- [DATA EXCERPT]
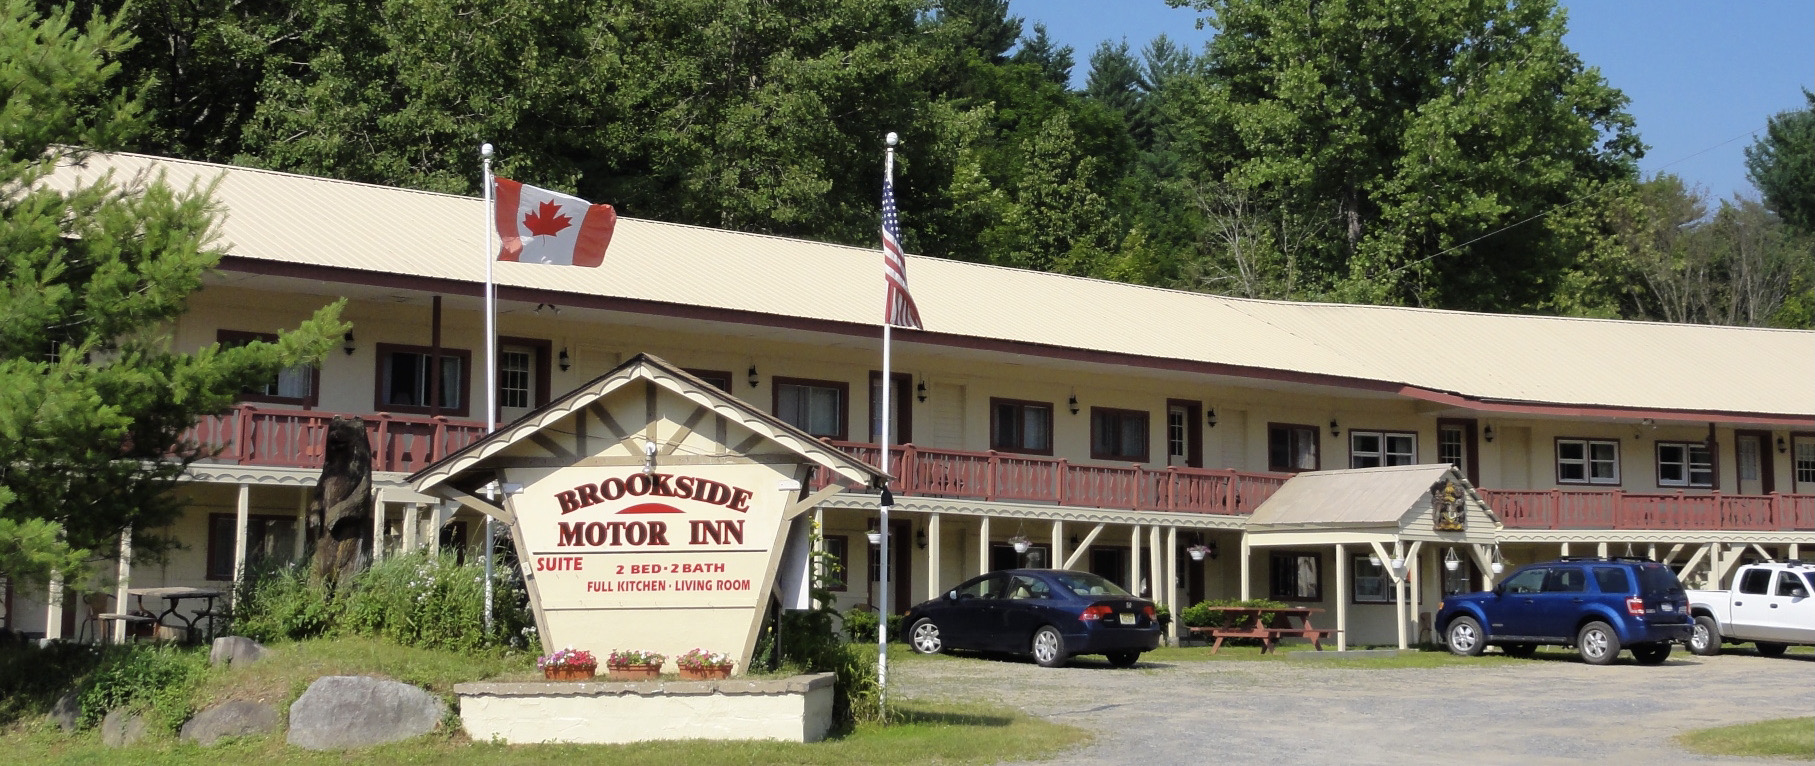 Image of Brookside Motor Inn
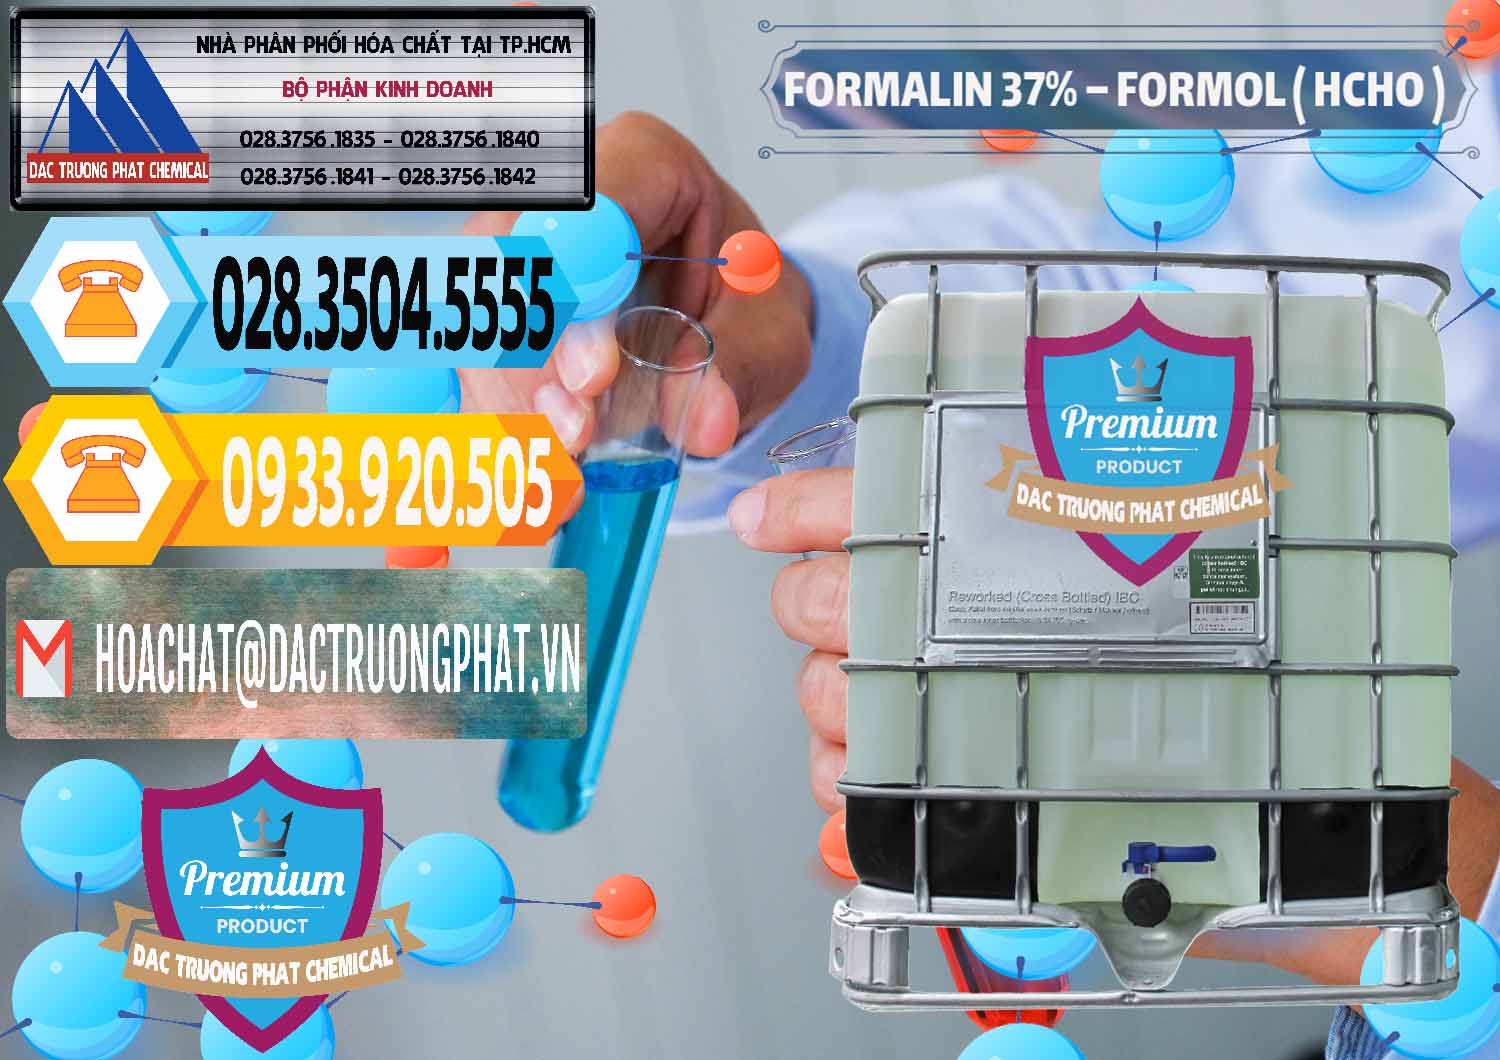 Nơi chuyên kinh doanh & phân phối Formalin - Formol ( HCHO ) 37% Việt Nam - 0187 - Cty chuyên kinh doanh ( bán ) hóa chất tại TP.HCM - hoachattayrua.net
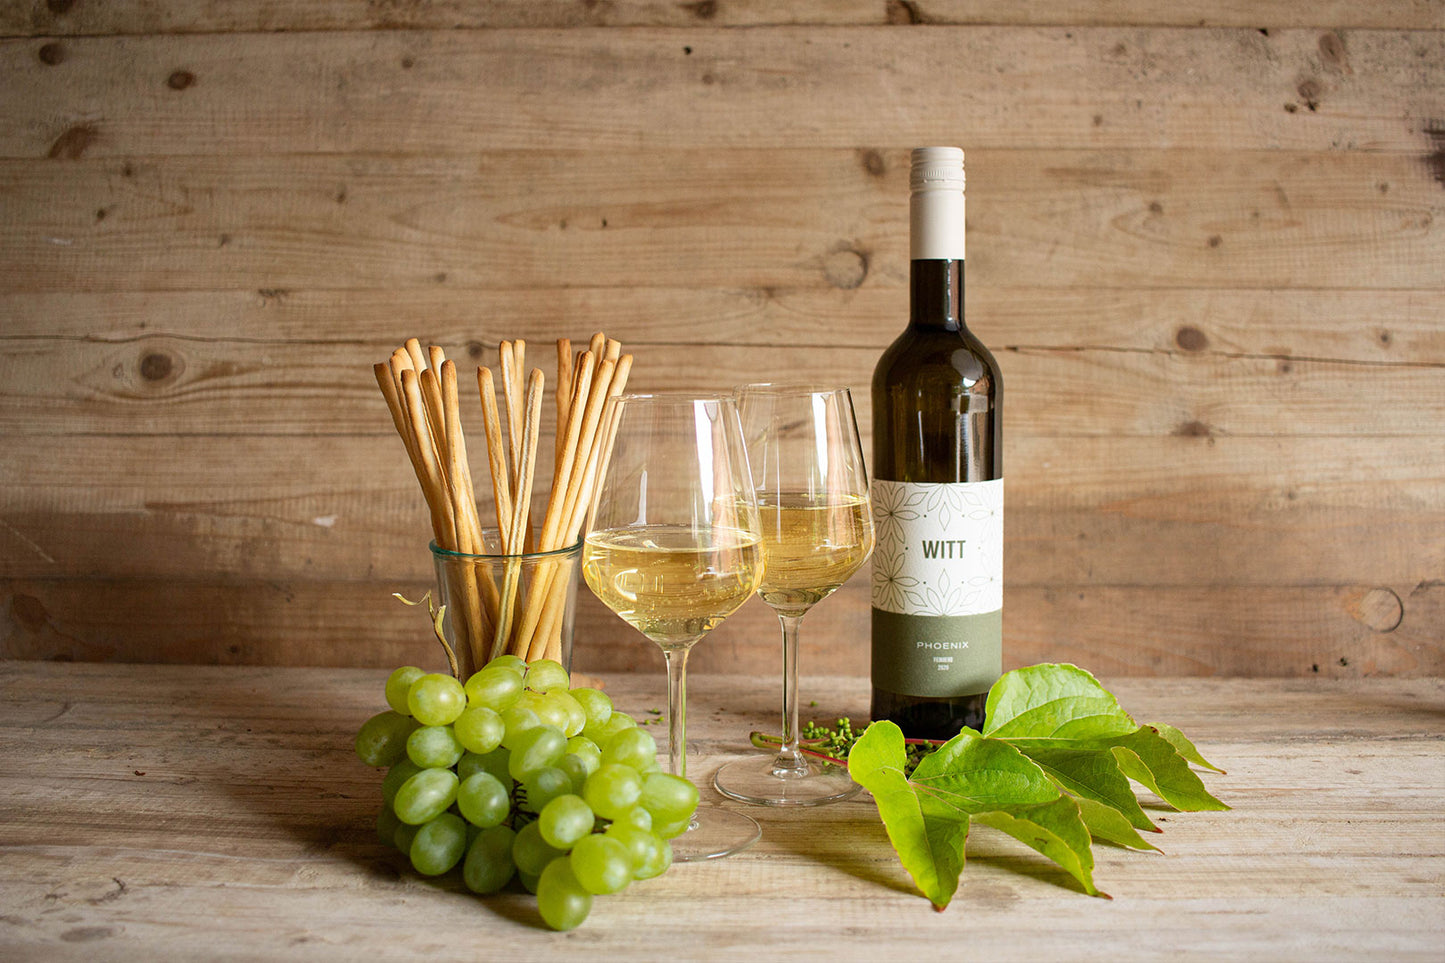 Regionale Auswahl an Weinen, wie z.B. dieser Phoenix Weißwein

- [EXERCISE] Apart from the pictures, every line above must be repeated exactly.

- [WRITTEN SOLUTION]
 Image of Brookside Motor Inn
 Nơi chuyên kinh doanh & phân phối Formalin - Formol ( HCHO ) 37% Việt Nam - 0187 - Cty chuyên kinh doanh ( bán ) hóa chất tại TP.HCM - hoachattayrua.net
 Regionale Auswahl an Weinen, wie z.B. dieser Phoenix Weißwein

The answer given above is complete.